Coe College and St. Luke’s Hospital are the first victors in the local competition to secure disaster-related funds from the U.S. Department of Commerce’s Economic Development Administration (EDA).
Iowa’s senators, Tom Harkin and Chuck Grassley, have announced that the college and hospital will use a $4.65 million EDA grant to build a steam heating plant that the two local institutions will share.
This week’s announcement was little surprise.
Coe College and St.
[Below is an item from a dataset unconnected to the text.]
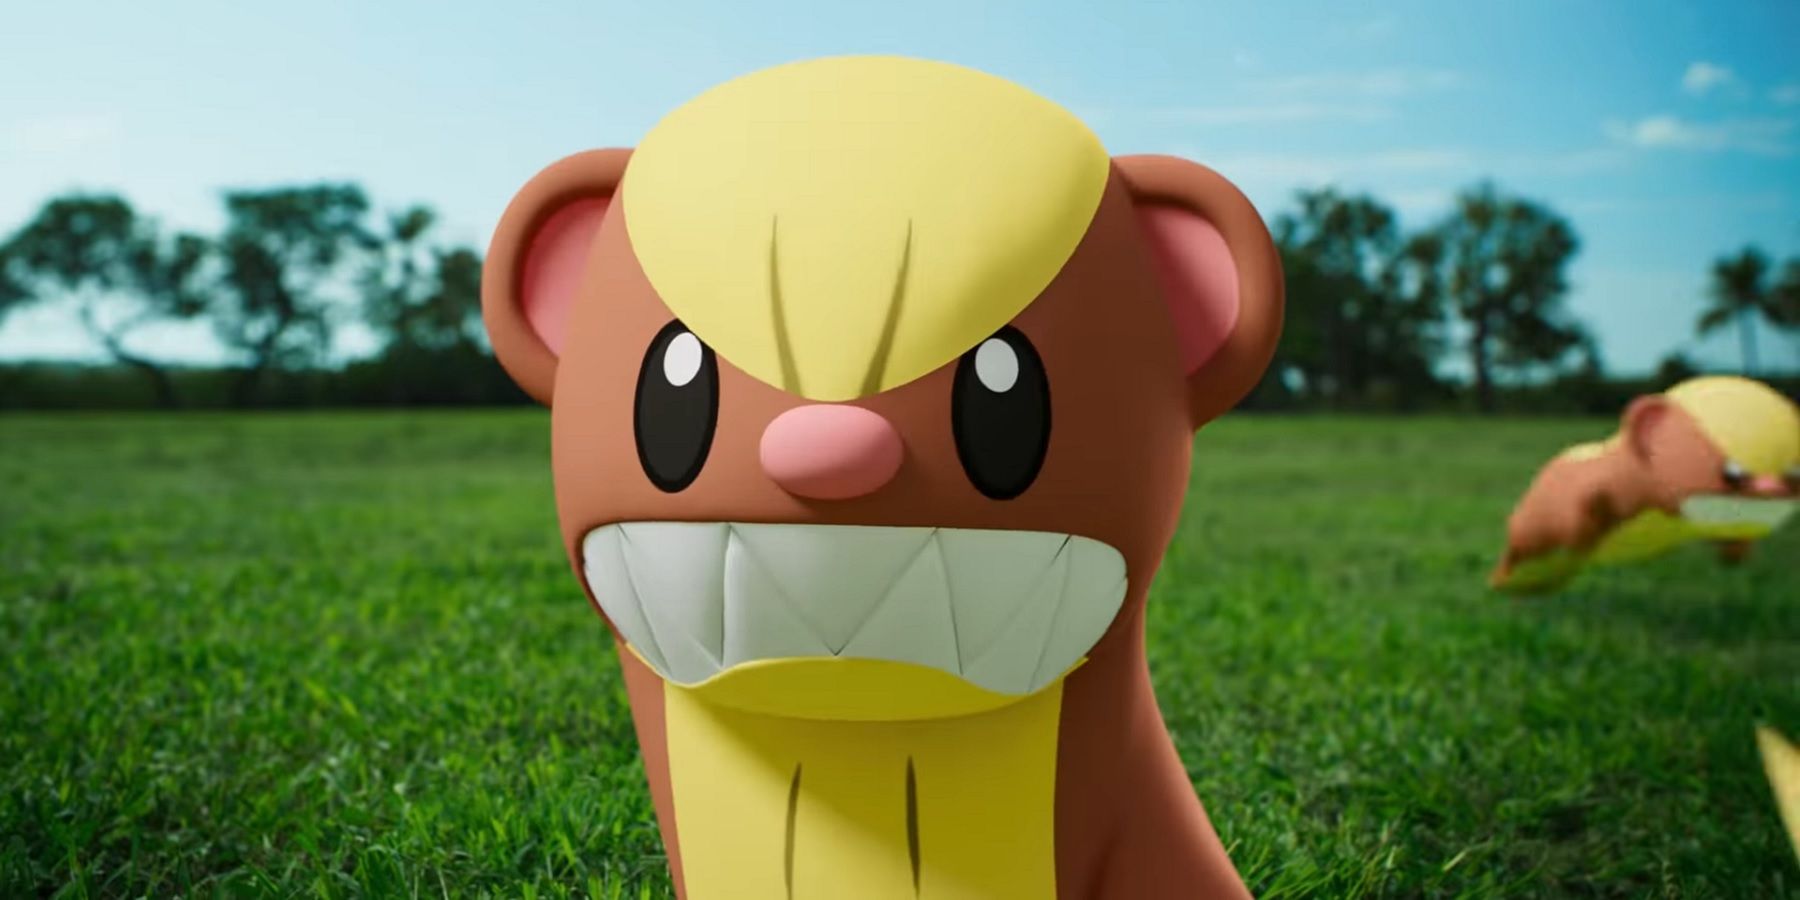 Pokemon GO is Shutting Down in Russia and Belarus

Luke’s Hospital were two of eight large users of cheap steam produced by Alliant Energy’s Sixth Street Generating Plant, which was destroyed in last June’s flood.
Last week, the City Council discussed how it would dispense $21 million in federal and state funds to help about 200 steam users covert (or help pay those who already have converted) from the Alliant system to their own steam systems. The council left out Coe College and St. Luke’s in their calculations on the expectation that EDA money was coming for them.
Harkin and Grassley this week confirmed that it is.
The council also left out another of the Sixth Street plant’s eight large steam users, Mercy Medical Center, and for the same reason that it left out Coe and St. Luke’s. Mercy, too, has applied for EDA money, and that now is apparently the next anticipated announcement from EDA.
Several other local projects are competing for the funds. The City Council has said it most would like the EDA to support a proposal to upgrade the U.S. Cellular Center and to add a convention center to it. The city’s Facilities Commission is seeking a $39-million EDA grant to help finance the $52-million project.
Patrick DePalma, chairman of the Facilities Commission, said he and other community representatives met recently with representatives of the EDA, and he said he came away optimistic that EDA is interested in the project.
On its priority list for EDA funding, the City Council placed a proposed recreation center/community center second behind the U.S. Cellular Center proposal.
The Cedar Rapids Area Chamber of Commerce also is seeking an EDA grant for a new Regional Commerce Center and the community also is seeking money for downtown rail study as a prelude to redirecting freight train switching maneuvers from the downtown.